We have reached an all-time low of maternal and child mortalities and the highest levels of average life spans across the world. Countries like China, South Korea, and other countries in the domain of the ‘Tiger Economy’ have been able to provide decent living conditions for billions of people as a result of targeted fights against poverty.
Even poverty rates have plummeted across all regions in the world, though this varies per region. (It was forecast even before COVID-19 that poverty would still remain an African phenomenon in 2030). What makes these revelations all the more mysterious is that they are overlapping with a (relative) peak in human civilization, where ideally, humanity is capable of ensuring maximum security and safety to all at any time, and in every aspect.
One could argue that the world has enjoyed a decent - in the most generous definition - seven decades since the last deadly Second World War, depending on where one is. Indeed, over the corresponding period, Africa has been consistently forecast to experience record negative growth.
However, as persistent as the changes and progress were, the intent and the motives have not always been consistent. A noticeable turning point in this regard occurred in the 1980s with two big events: the end of the Cold War; and the strong, new liberal market phenomena championed by Ronald Reagan and Margaret Thatcher.

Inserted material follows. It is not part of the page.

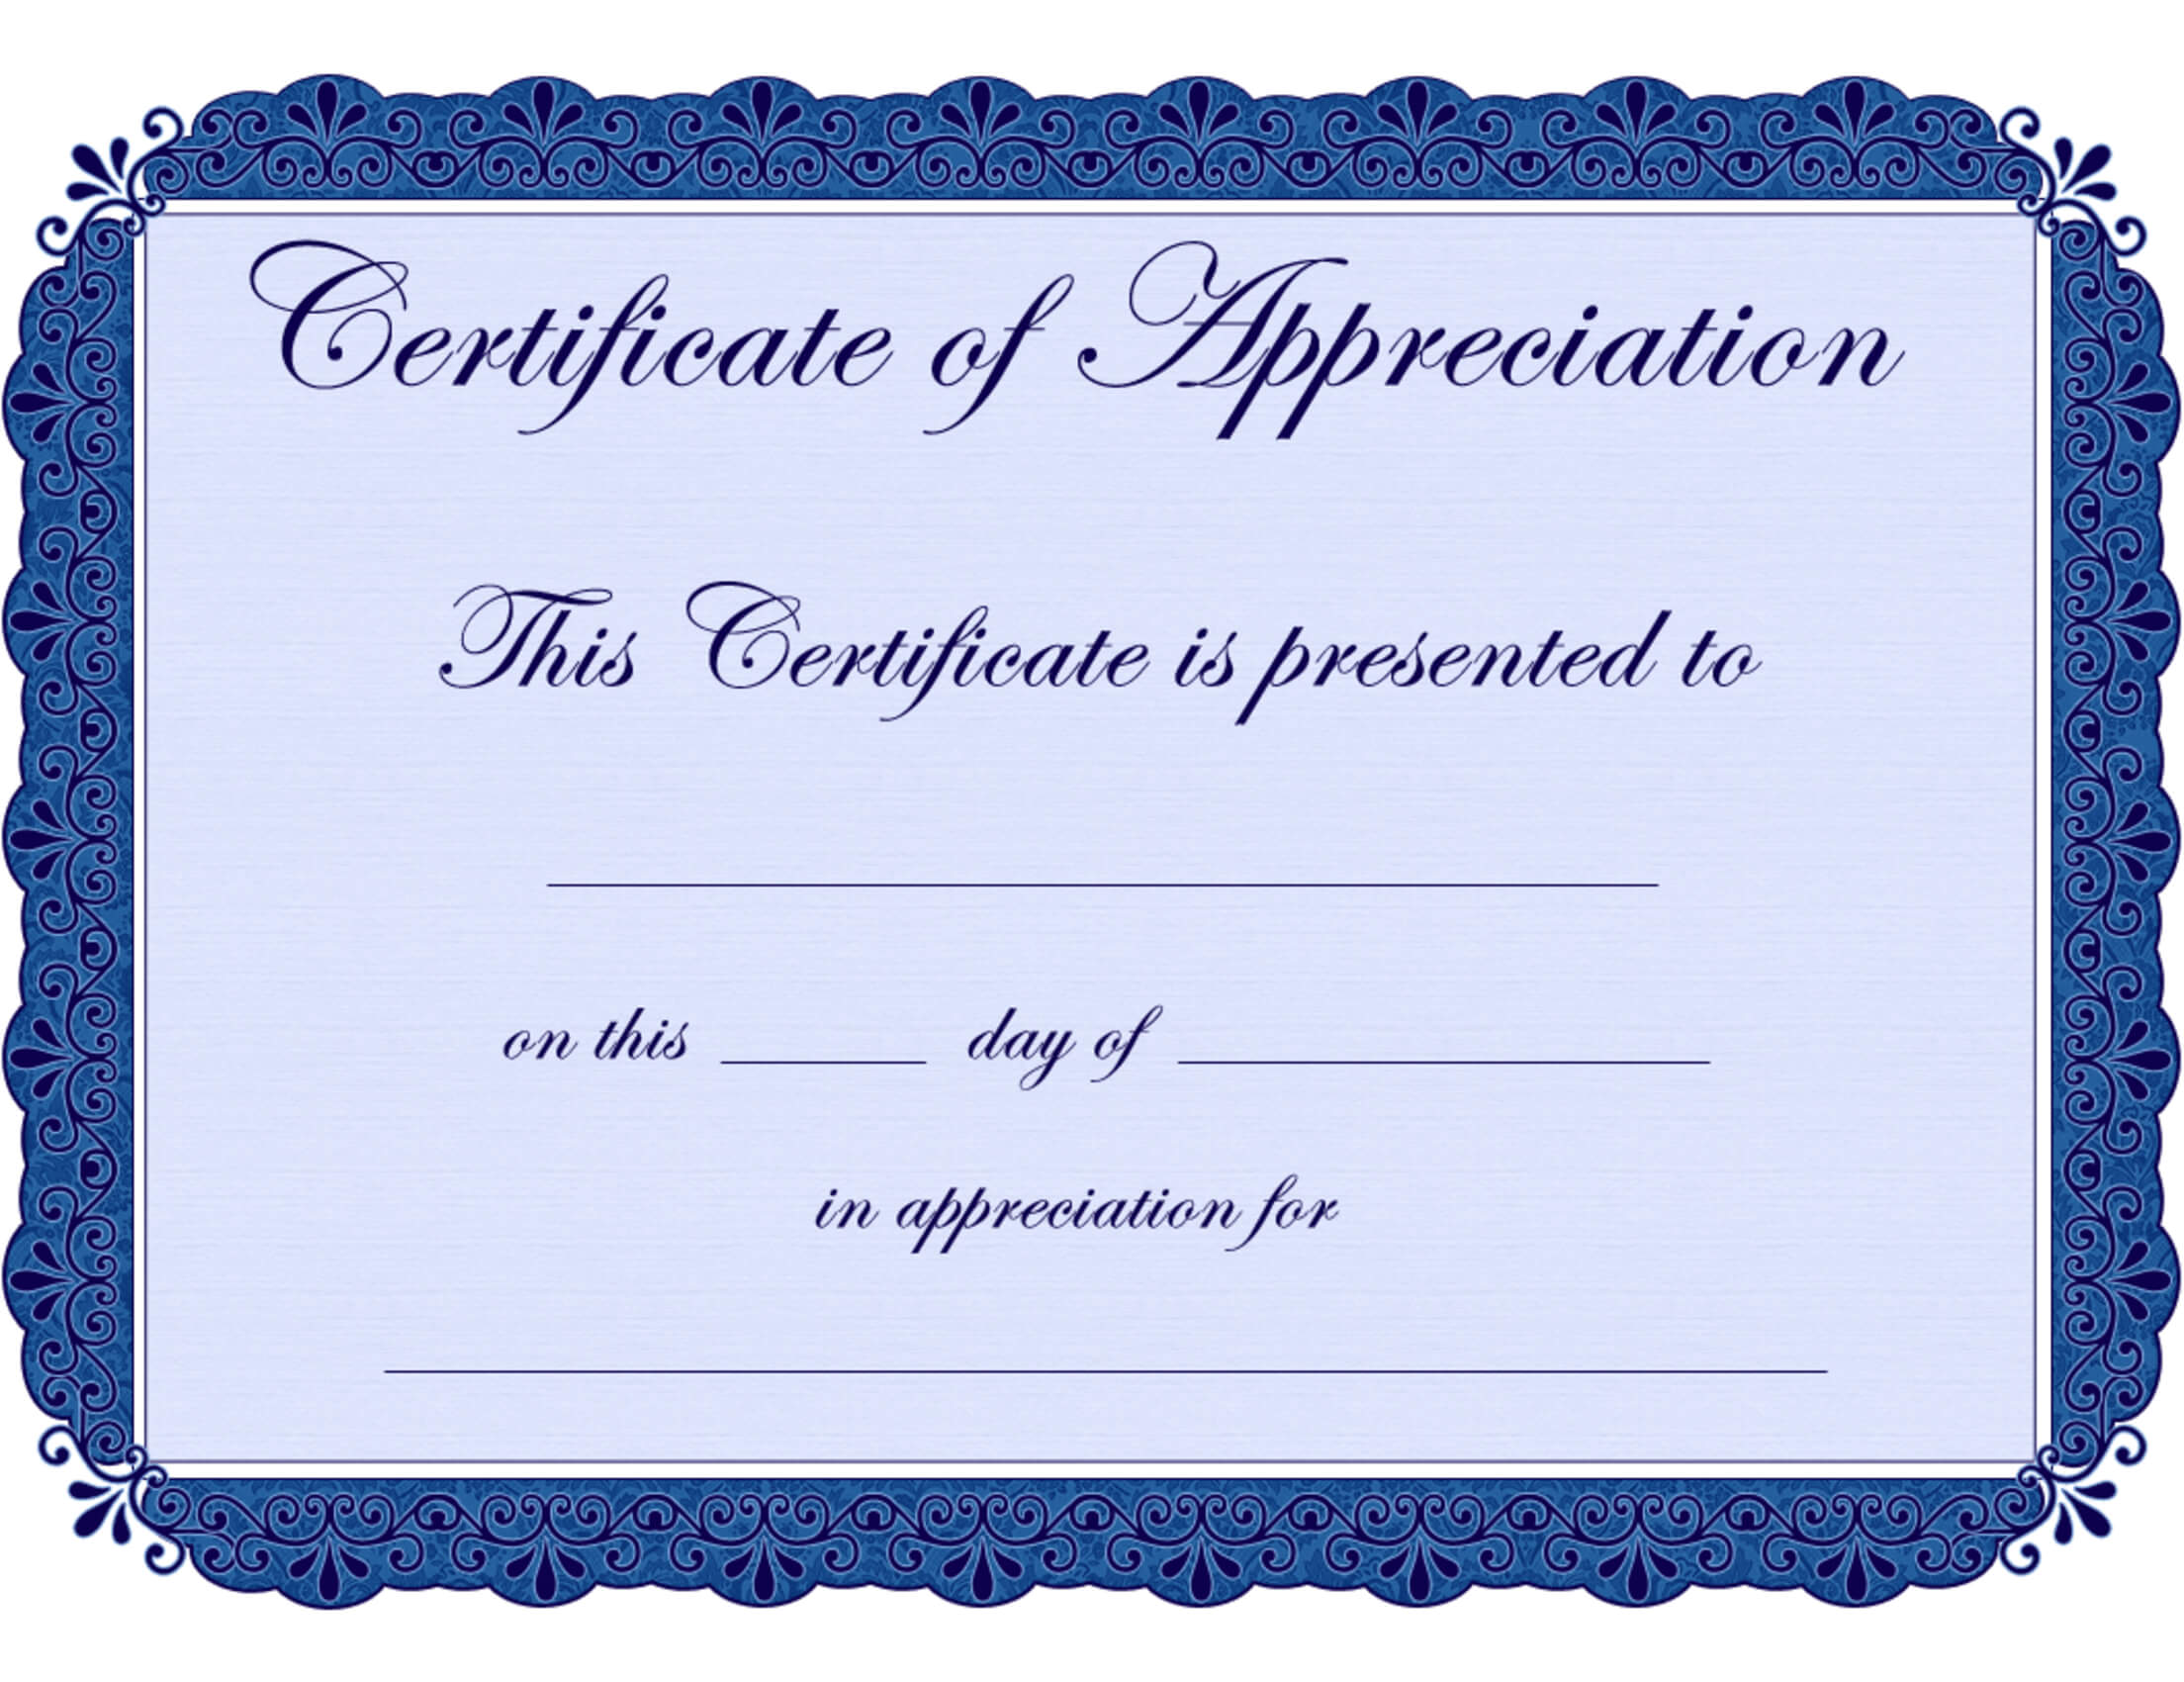 Free Printable Certificates Certificate Of Appreciation With Free Printable Certificate Of Achievement Template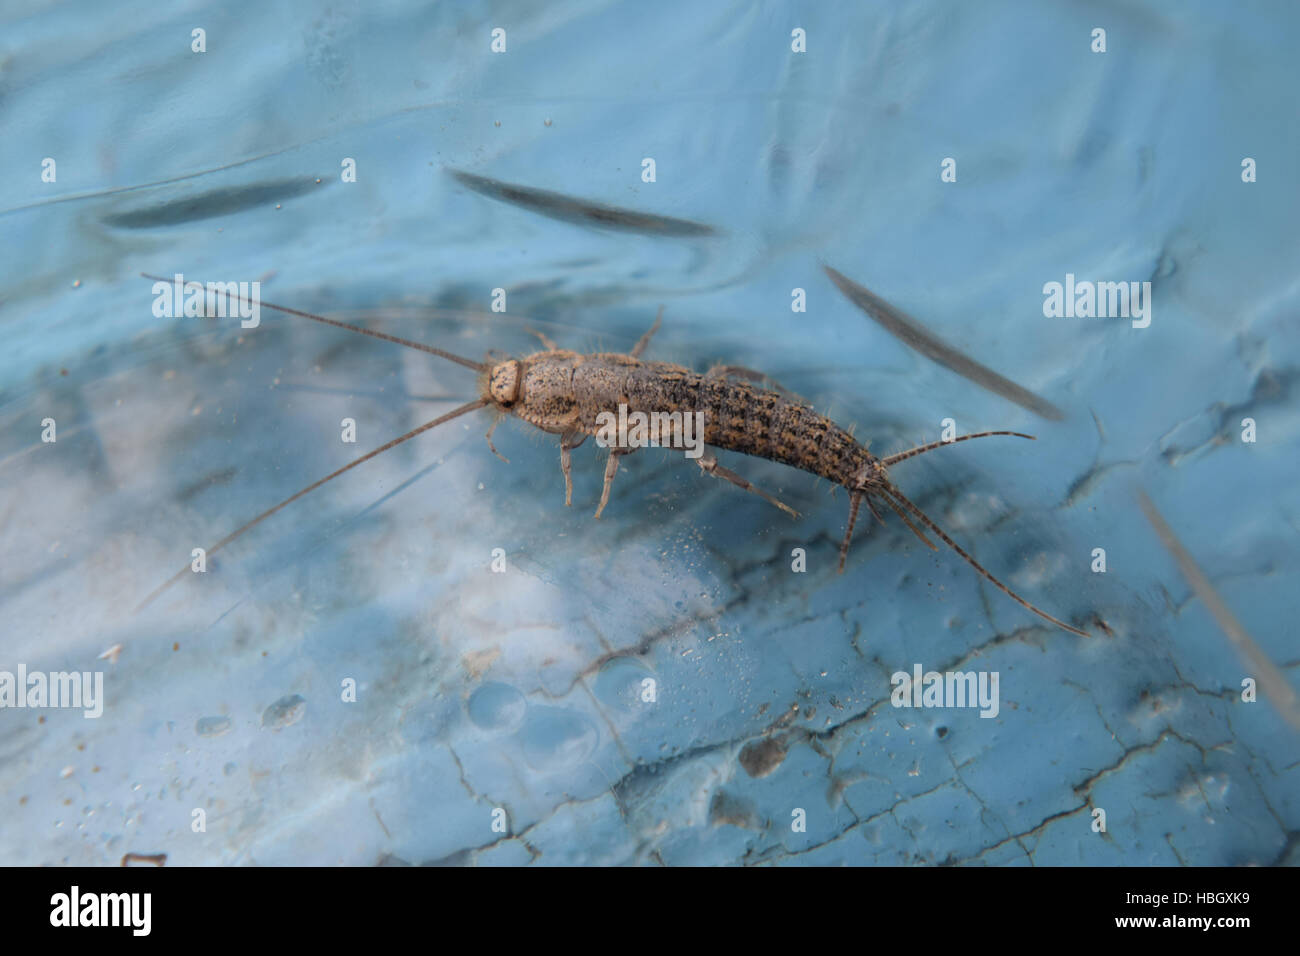 Insect feeding on paper - silverfish Stock Photo

Both significantly transitioned all power to the market with lackluster accountability and left humanity in grave danger.
There was no better time for this than the end of the Cold War, which insisted on the persistence of a single ideology on the court with no competing teams.
Indeed, this was a turning point that led to growing human vulnerability and the severe undermining of our ideals of social justice, protection, and collective securities. The market system that is supposed to provide solutions has unfortunately ended up proliferating disparities, social injustices, and instabilities as exhibited by the most recent epoch of the global financial crisis. In the current world where capital and capitalism are the only winning power in the helm, our thoughts and narratives are very much shaped by a single value - profit.
This concept has extended beyond business and has stirred the equilibrium of social issues such as education, health, and law and governance; as well as other common goods such as natural resources, public spaces, and political stability. The rationales of such fundamental issues were assigned to and for the market and market factors.
Thus, basic human development issues of all scales have been subjected to an imperfect market system that often fails us. Inequality remains pervasive, but is even more glaringly obvious within the last decade, with the top 2000 billionaires owning more than the bottom 60% of the world population (about 4.2 billion people).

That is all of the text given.